Figure 3—source data 1 Numeric data analyzing knockdown efficiency in lrpprc^mn0235Gt^/mn0235Gt. Source data analyzing relative expression of lrpprc mRNA in six dpf-larvae with RFP expression and dark liver phenotype crossed with heterozyous lrpprc^+/mn0235Gt adults. no RT: no reverse transcriptase, RT: with reverse transcriptase, DL: dark liver phenotype, Cq: quantification cycle, d: delta, KD: knockdown, N/A: not applicable.: https://cdn.elifesciences.org/articles/54572/elife-54572-fig3-data1-v2.xlsx
Download elife-54572-fig3-data1-v2.xlsx

Phenotype appearance rate in GBT lines is comparable to other mutagenic technologies for forward genetic screening

In parallel to knockdown efficacy, we wanted to know the GBT construct effectiveness at mutagenizing its integrated locus. To assess this mutagenic efficiency, we conducted an initial phenotypic screen on F2 embryos and early larvae. In 179 mRFP⁺ GBT lines, we identified 12 recessive phenotypes visible during the first five days of development that, among others, included lethal, cardiac, muscular, and integumentary defects as reported in previous studies (Supplementary file 2).

Molecular analyses revealed that a subset of these phenotypes stem from GBT integrations in genes with established loss of function mutant phenotypes including ryr1b, tnnt2a, fras1, hmcn1, and edar (Clark et al., 2011a; Westcot et al., 2015; Hatzold J et al., unpublished). In accord with their mRNA knockdown potency, these five GBT-confirmed lines (ryr1b, tnnt2a, fras1, hmcn1, and edar) phenocopied their respective homozygous mutants generated with other strategies and thereby validated the mutagenicity of the GBT constructs. To date, 17 of our GBT-confirmed lines have been published with homozygous phenotypes ranging from embryonic lethal, to reduced adult viability, to differences in pharmacological susceptibility (Supplementary file 2). Additional GBT-confirmed lines with homozygous phenotypes will continue to be identified and characterized in future studies.

ryr1b confirmed line is a pioneer model of human disease that validates GBT ability to functionally annotate a genetic locus

We next sought to validate the ability of GBT constructs to functionally annotate genes.

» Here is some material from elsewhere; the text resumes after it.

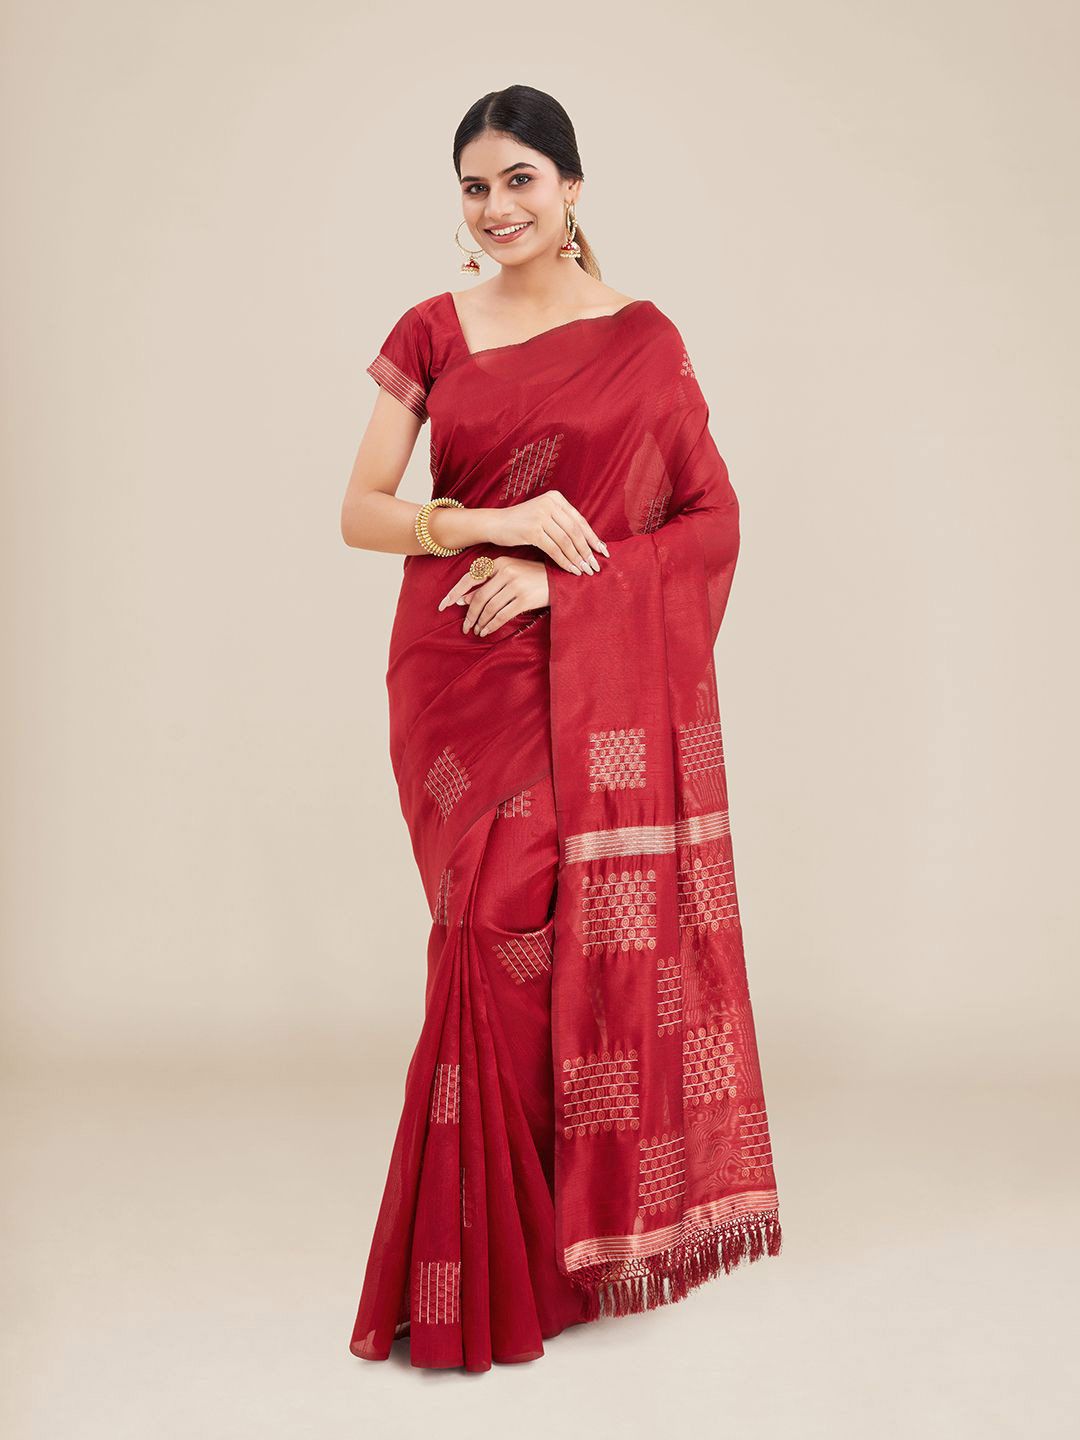 Kalyan Silks Red Ethnic Motifs Saree Price in India

During the initial GBT library creation, we identified a GBT line with skeletal muscle-specific mRFP expression and a slow swimming phenotype (Clark et al., 2011a). We confirmed that this line possesses an RP2.1 integration between exon 81 and exon 82 of ryr1b and designated it ryr1b^mn0348Gt. Animals homozygous for this ryr1b^mn0348Gt allele show 97% knockdown of wild-type ryr1b mRNA levels (Clark et al., 2011a). Due to the well-characterized nature of ryr1b from the relatively relaxed mutant (Hirata et al., 2007), this line was ideal for a proof of concept experiment in this study to validate functional genome annotation with GBT constructs. ryr1b orthologs are known across species to encode calcium-activated calcium channels that release sarcoplasmic reticulum Ca²⁺ stores to facilitate excitation-contraction coupling in skeletal muscles (Hernández-Ochoa et al., 2015; Hirata et al., 2007). Therefore, we set out to test whether loss of ryr1b in ryr1b^mn0348Gt^/mn0348Gt animals dampens skeletal muscle Ca²⁺ transients and may explain their previously reported slow swimming phenotype (Clark et al., 2011a).

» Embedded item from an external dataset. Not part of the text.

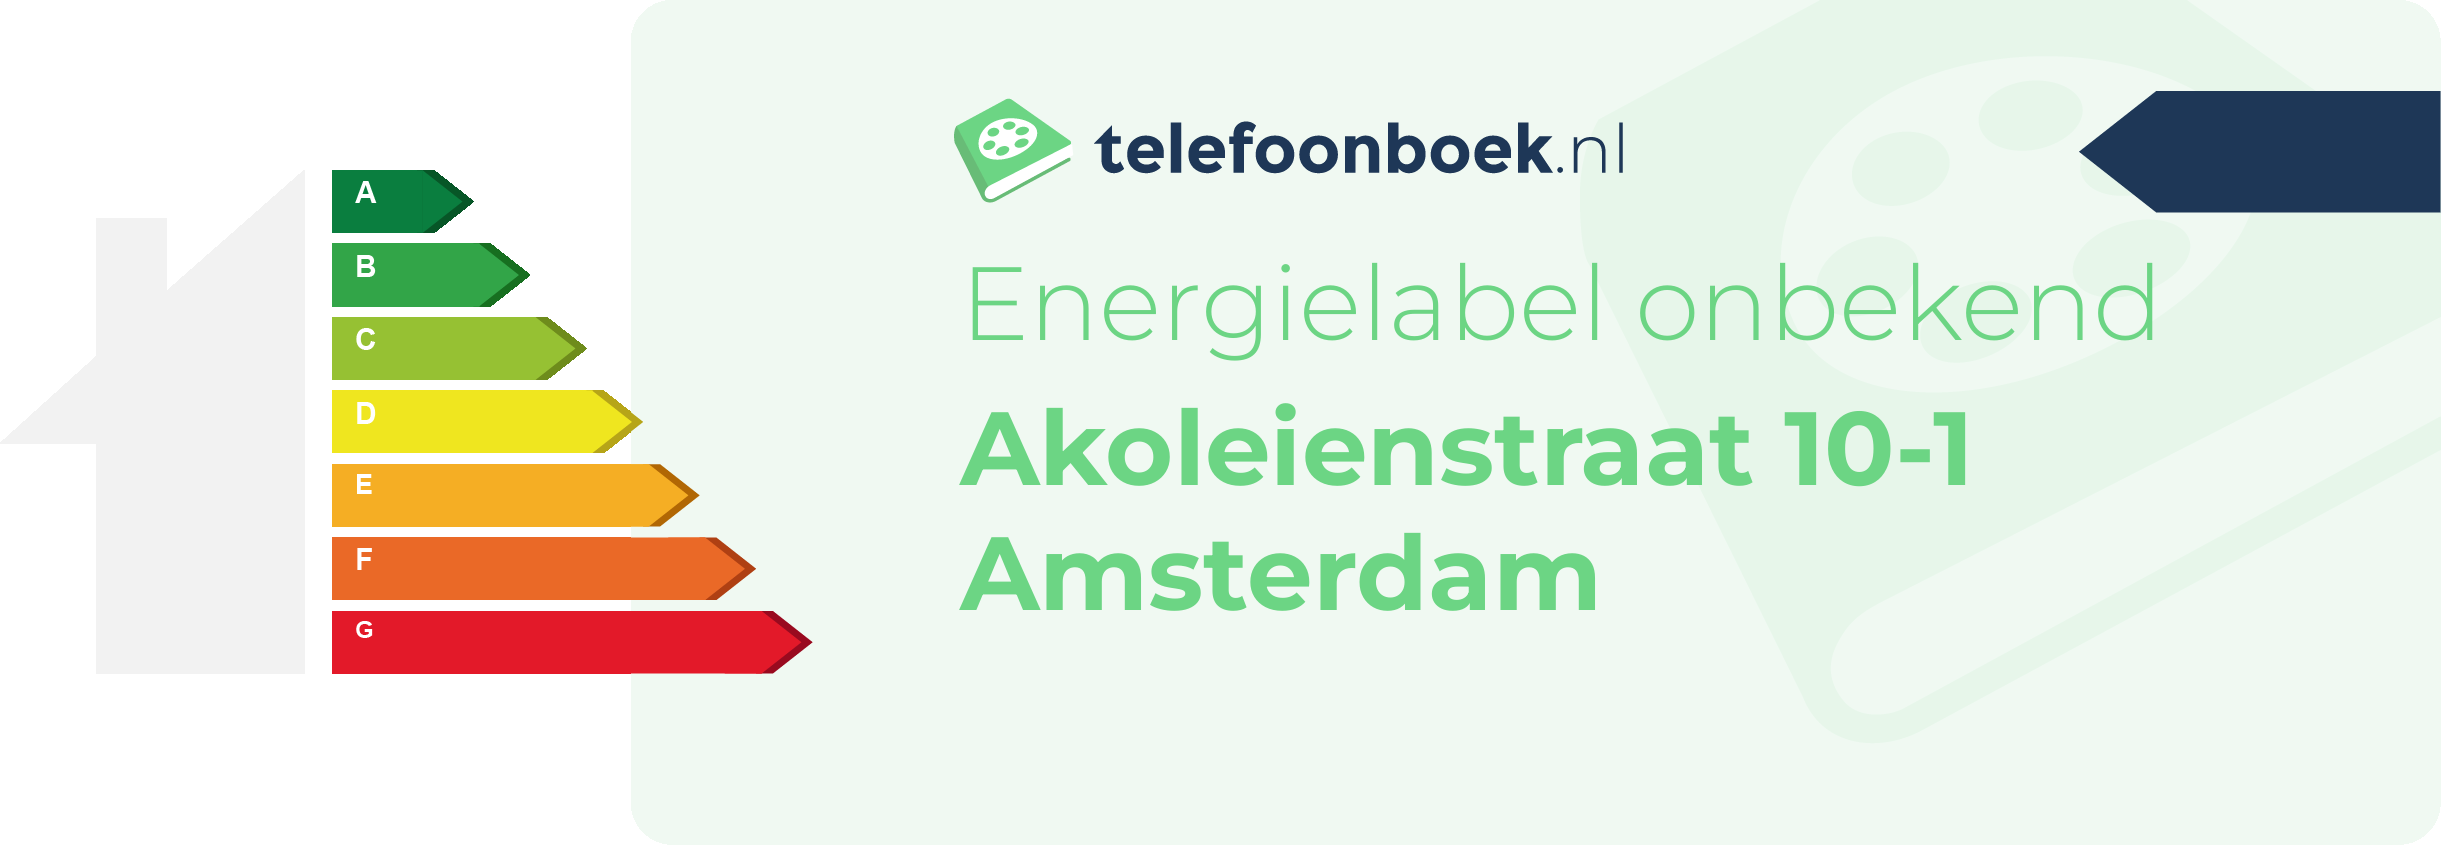 Energielabel Akoleienstraat 10-1 Amsterdam

To address this, we injected the skeletal muscle-targeted construct p-mylpfa:GCaMP3 (Baxendale et al., 2012) into both ryr1b^+/+ and ryr1b^mn0348Gt^/mn0348Gt animals, treated these animals at 2 dpf with 20 mM pentylenetetrazole (PTZ) to maximize the probability of recording muscle activity, and assayed individual skeletal muscle Ca²⁺ transients associated with PTZ-induced convulsions (Figure 4A). p-mylpfa:GCaMP3 injection at the single-cell stage resulted in mosaic-labeled, GCaMP3⁺ myocytes in both ryr1b^+/+ and ryr1b^mn0348Gt^/mn0348Gt animals (Figure 4B,F). Likewise, PTZ-treated ryr1b^+/+ and ryr1b^mn0348Gt^/mn0348Gt animals showed spontaneous, convulsion-associated Ca²⁺ transients in their myocytes at two dpf (Figures 4C–E,G–I). However, PTZ-induced Ca²⁺ transients in myocytes of ryr1b^+/+ animals had higher peak amplitude when averaged within fish (Figure 4J–K) or within myocytes (Figure 4—figure supplement 1A) and shorter rise time (Figure 4J,M) than those in ryr1b^mn0348Gt^/mn0348Gt animals. PTZ-induced Ca²⁺ transient peak-width (Figure 4J,L) and decay time (Figure 4J,N) were not significantly different between ryr1b^+/+ and ryr1b^mn0348Gt^/mn0348Gt animals. In contrast, myocytes in ryr1b^+/+ animals had more Ca²⁺ transients during the imaging period than myocytes in ryr1b^RP2.1/RP2.1 animals (Figure 4—figure supplement 1B). We were thus able to use a GBT-confirmed line to demonstrate that a smaller peak amplitude (consistent with relatively relaxed [Hirata et al., 2007]), slower upstroke, and lower frequency of Ca²⁺ transients in skeletal muscle likely provide the basis for the slow swimming phenotype in ryr1b^mn0348Gt^/mn0348Gt animals. The consistency of our findings in ryr1b^mn0348Gt^/mn0348Gt with those in relatively relaxed mutants (Hirata et al., 2007) validates the functional genome annotation available with the GBT mutagenic system.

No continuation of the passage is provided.